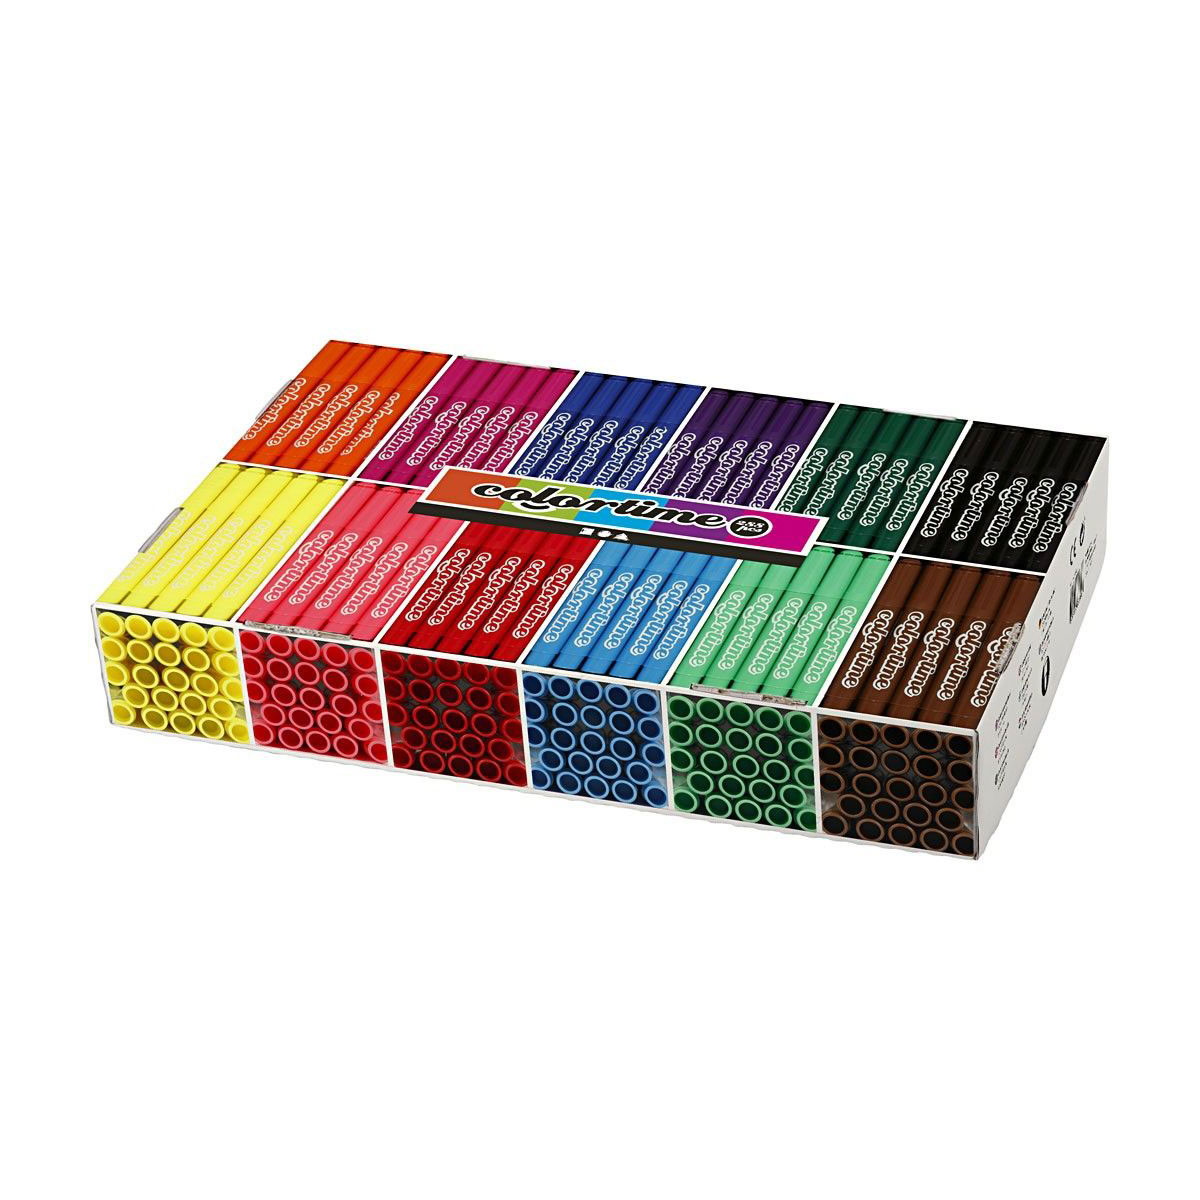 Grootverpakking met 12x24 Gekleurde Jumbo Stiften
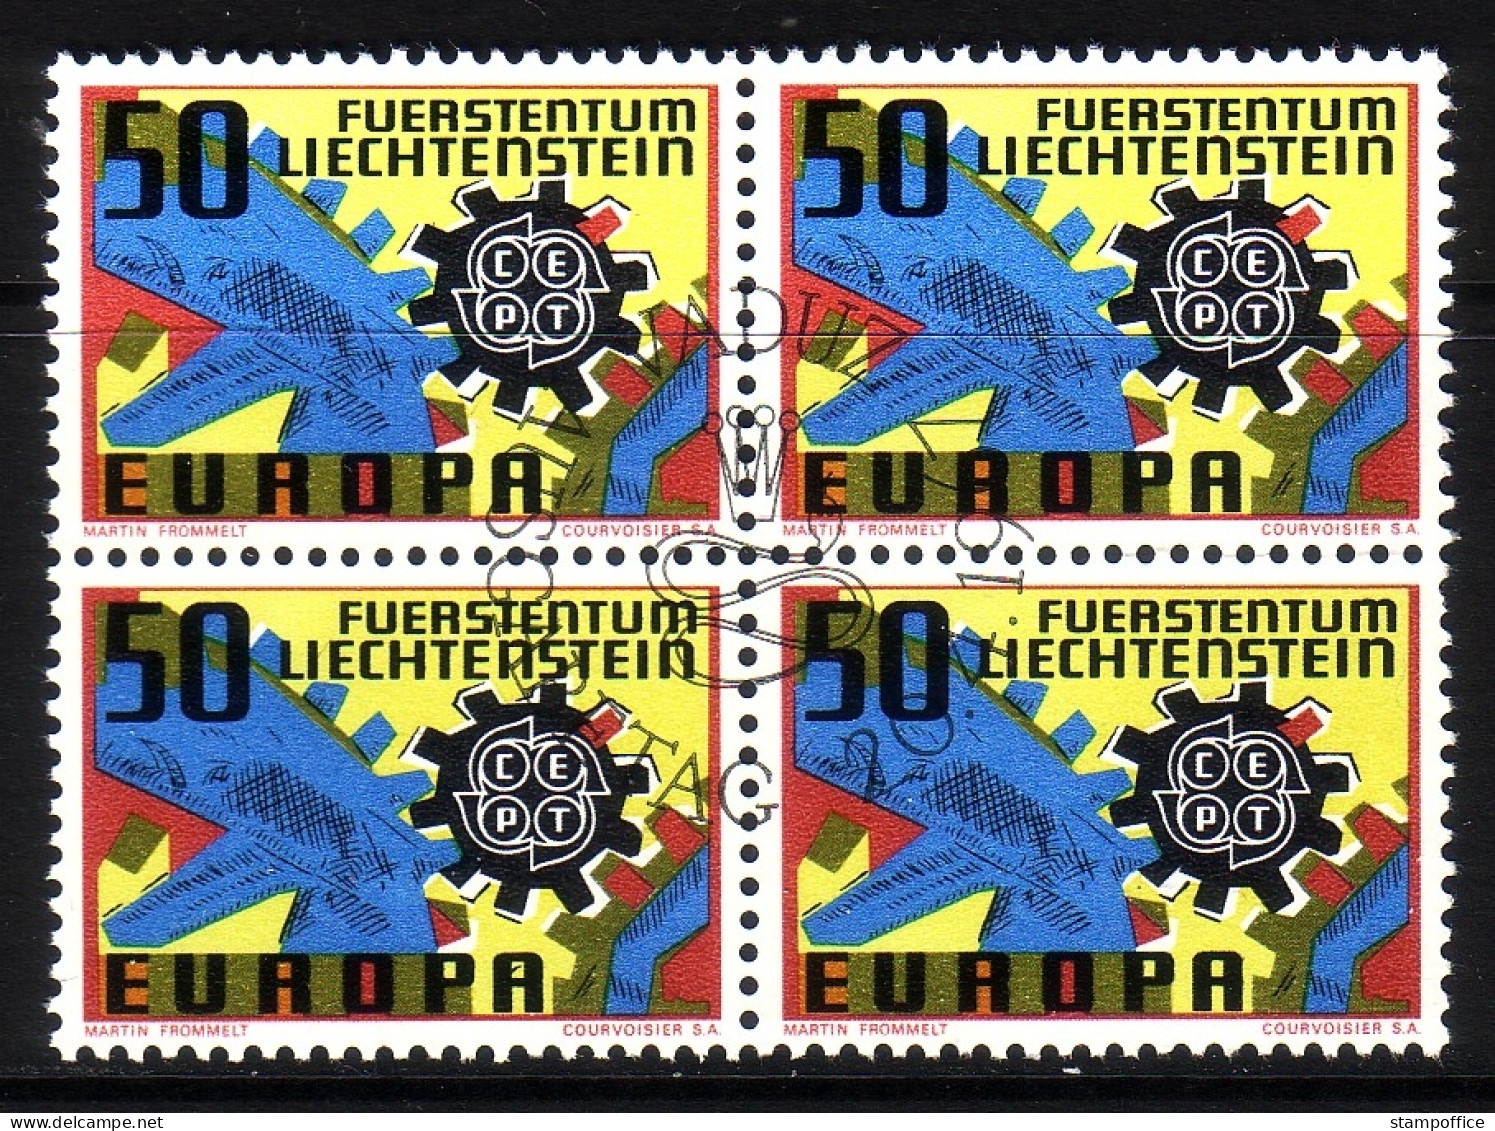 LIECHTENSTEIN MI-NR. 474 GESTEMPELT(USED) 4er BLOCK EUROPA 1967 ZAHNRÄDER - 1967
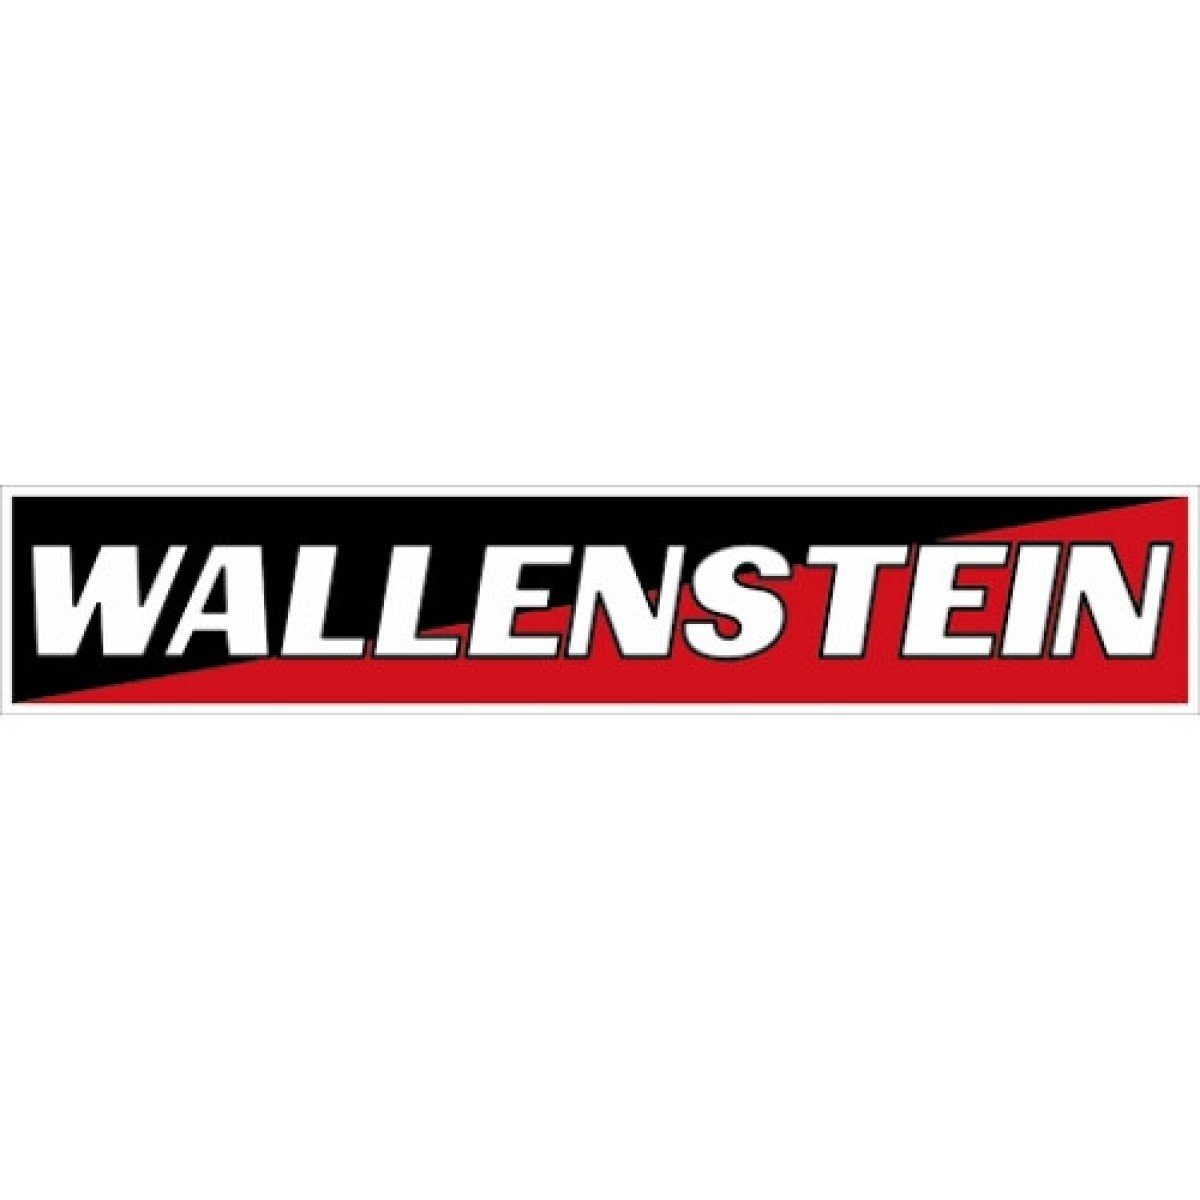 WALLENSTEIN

• [Required action]:
Without the pictures, transcribe exactly the lines above from the one containing "LIECHTENSTEIN MI-NR. 474" through the last.

• [Result]:
 LIECHTENSTEIN MI-NR. 474 GESTEMPELT(USED) 4er BLOCK EUROPA 1967 ZAHNRÄDER - 1967
 WALLENSTEIN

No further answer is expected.